To support and encourage our kids' passions, we happily listen to them prattle on about why this Transformer is cooler than another and why a Pteranodon and a Pterodactyl are not the same. Which is how it should be. And the reverse is not only also possible, but wise. Inviting your child into what you care about broadens their horizons, helps them get to know you better, and, according to Boston child therapist Alison Ratner Mayer, "It sends the message to the child that their parents are having fun, true, honest, real fun, with them…there is nothing more validating to a child to see their parent enjoying themselves while spending time with them."

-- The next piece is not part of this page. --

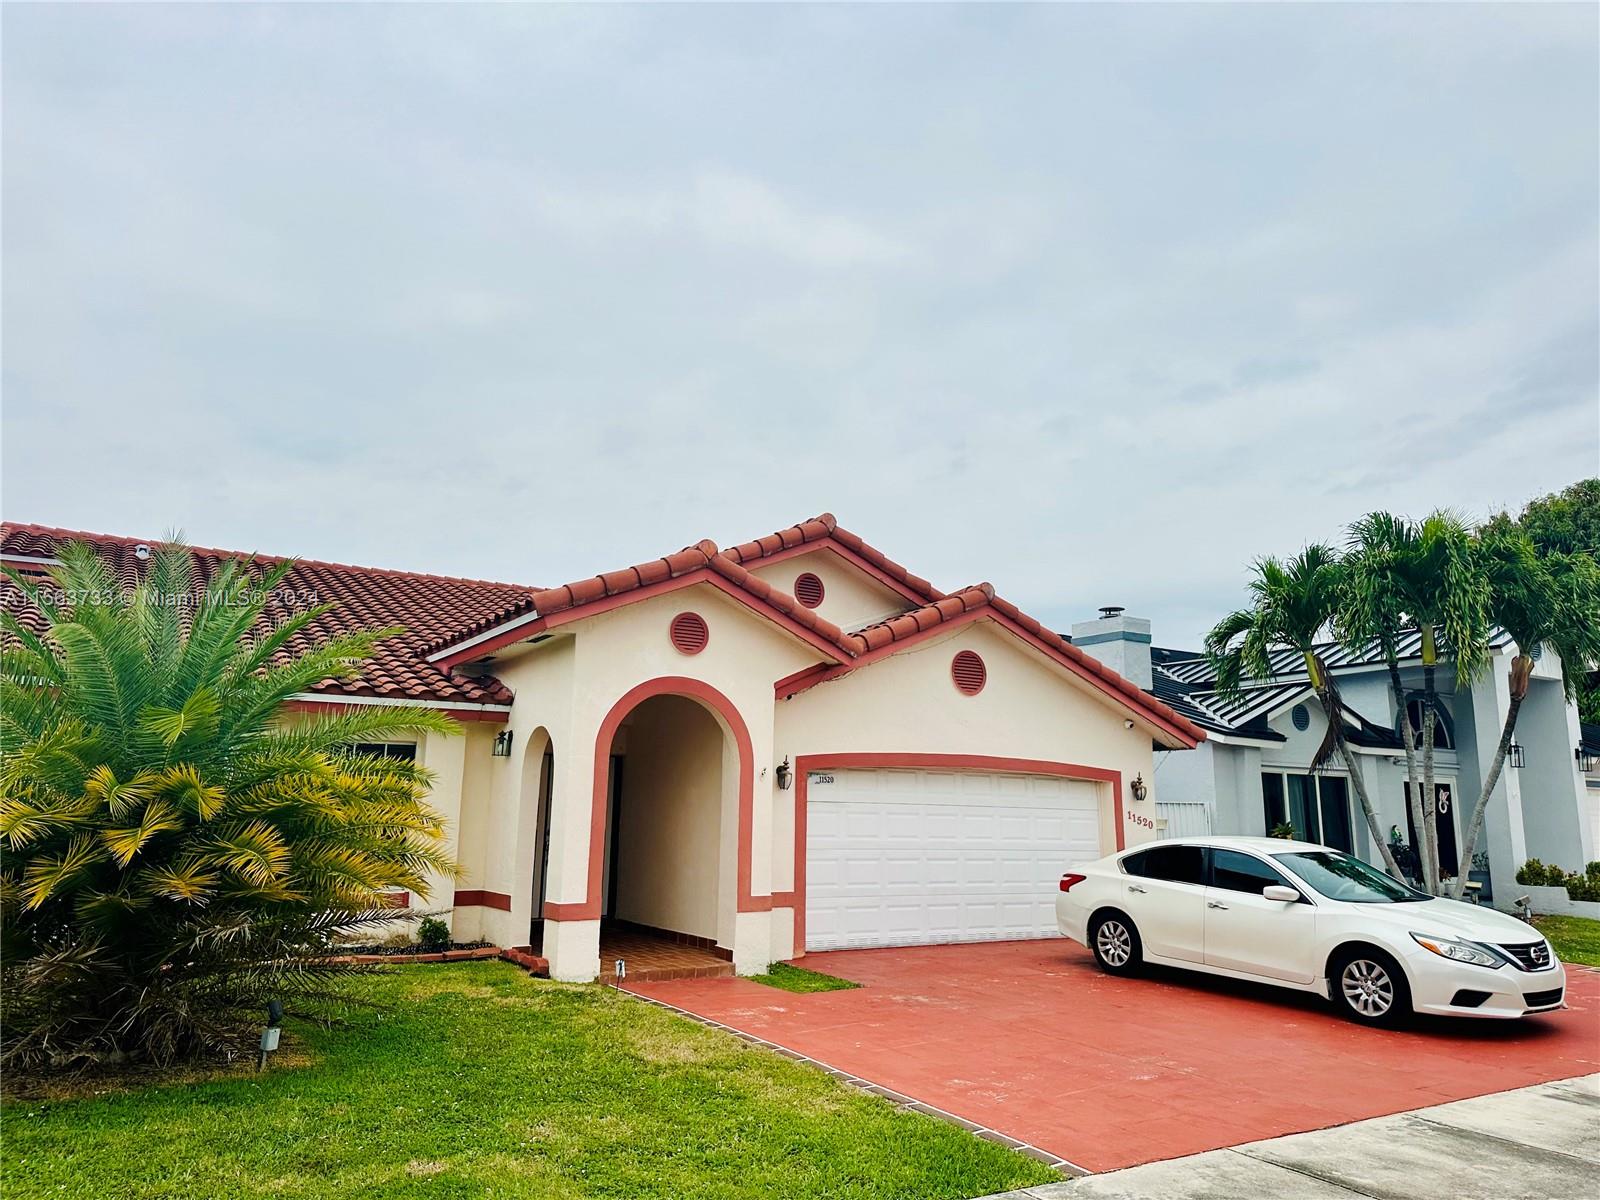 11520 SW 143rd Ct, Miami, Florida 33186, 4 Bedrooms Bedrooms, ,3 BathroomsBathrooms,Residential,For Sale,11520 SW 143rd Ct,A11563733

And, of course, there's the other upside: It lets you do stuff you enjoy while parenting. If you love birdwatching and you and your child spend a full day tracking an elusive hawk, are you going to feel cheated out of those hours enough to exhaust yourself before bedtime? Maybe not.

4. Encourage solo time.

Telling your child to go amuse themselves for a while can feel like a move straight out of the Bad Parent's Playbook, carrying an unfortunate "Go away, Mama's watching her stories" vibe. But alone time is something every kid needs — to strengthen their identity, learn independence, and figure out the world without your input. The awesome byproduct of your child's solo ventures? You, too, can spend a few minutes alone. You just have to let yourself be open to the experience. Often, according to, parents struggle to step away from their kids, convinced they're supposed to be offering stimulation and guidance every second of every day. A word to the wise: That kind of thinking isn't only a path to RSP; it's a shortcut to mega-burnout. Do what you can to stop hovering before you lose your mind.

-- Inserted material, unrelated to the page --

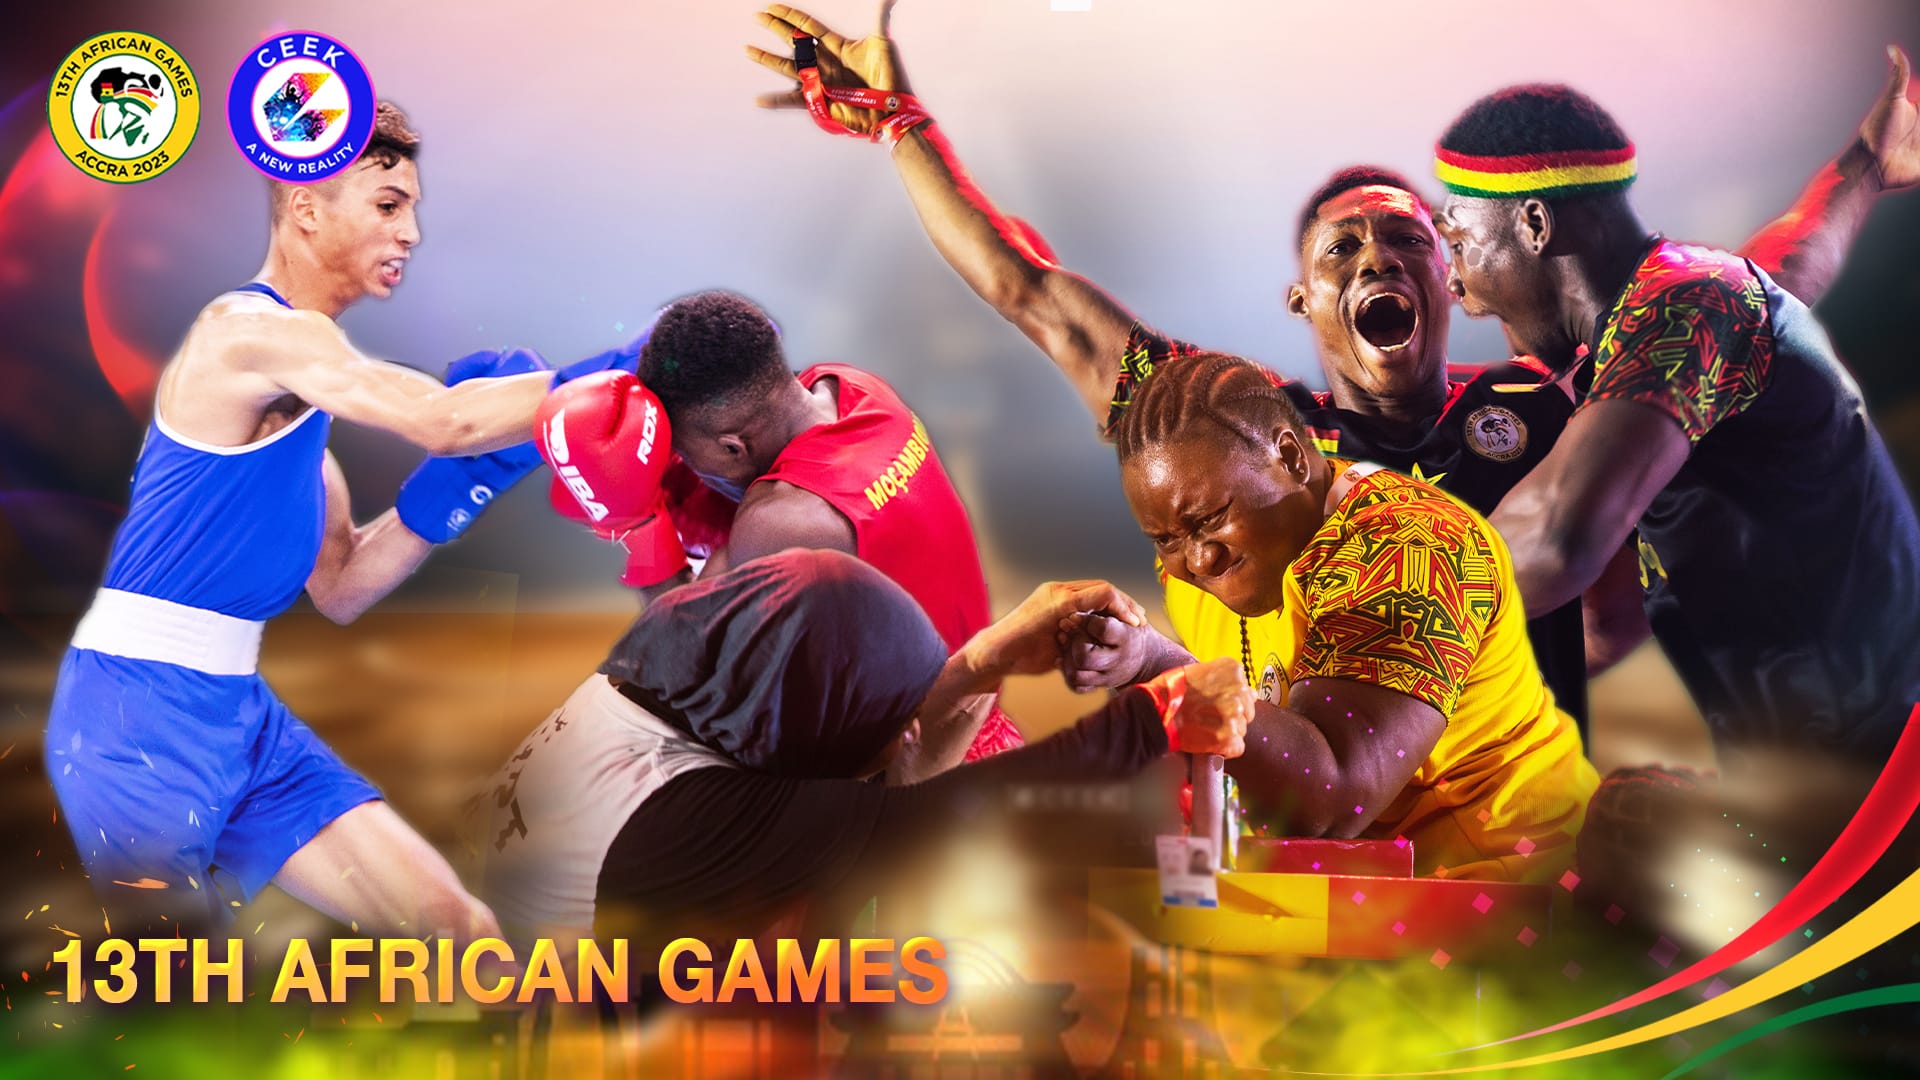 Accra African Games 20th March

5. Shave down your schedule.

When we don't feel like our daily activities are productive or satisfying, it can make you feel like the day was filled with pointless activities. So, to make up for that lost time, we try to make up for it in the evening. To avoid feeling like you're wasting your day, try pruning your schedule to the things that make you feel happy and fulfilled.

The Bottom Line

When RSP rolls around this evening, ask yourself if you're longing for that ill-advised extra half-hour because you're genuinely enjoying yourself — or if you're pissed that the entire day was spent catering to everyone's needs but your own. If it's the latter, it's time to think about how your time might be better spent. Your child will always come first; that's a given. But that absolutely does not — and should not — mean that you have to come last. Carve out time for yourself, even if it's 10 minutes at a clip, and you might just find that cutting off your sleepy nose to spite your beleaguered face doesn't hold the same appeal.